● Assignment
Report each line of the data that contains the string "Zoll".

● Dataset records
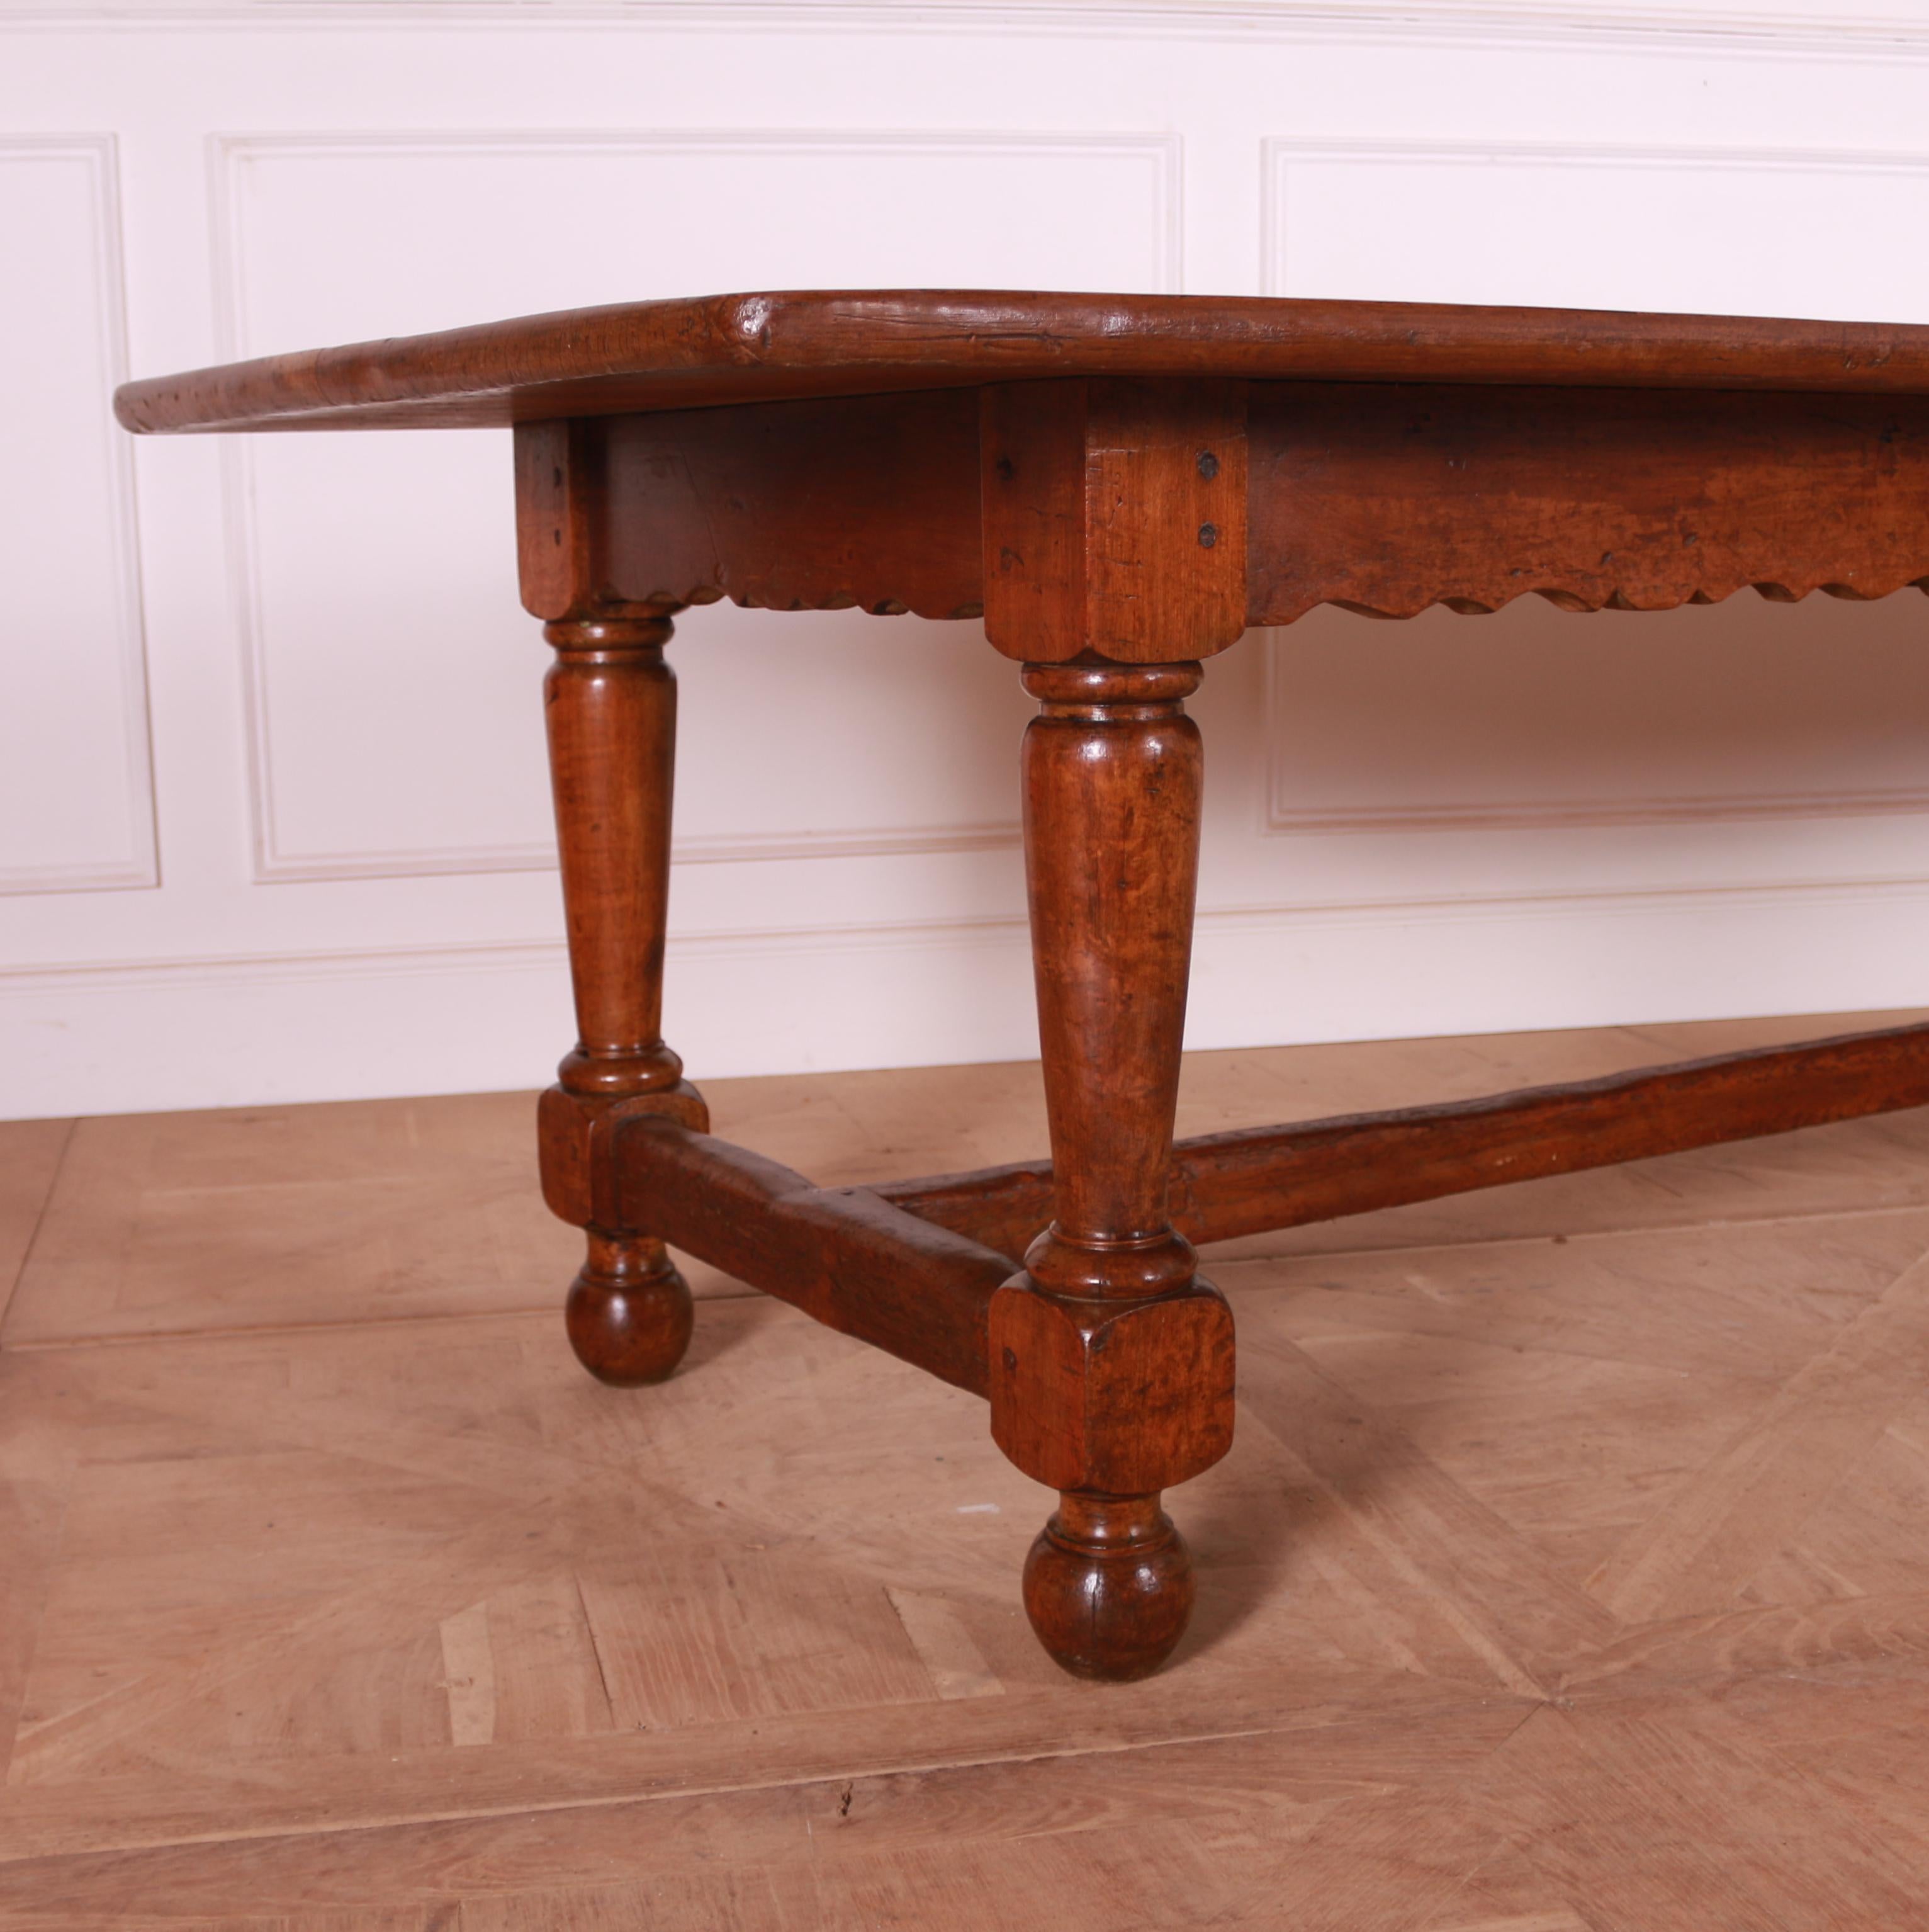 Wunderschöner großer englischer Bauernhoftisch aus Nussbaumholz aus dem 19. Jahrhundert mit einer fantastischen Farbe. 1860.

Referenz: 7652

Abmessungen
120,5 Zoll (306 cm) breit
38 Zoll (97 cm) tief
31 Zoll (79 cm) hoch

● Answer below
120,5 Zoll (306 cm) breit
38 Zoll (97 cm) tief
31 Zoll (79 cm) hoch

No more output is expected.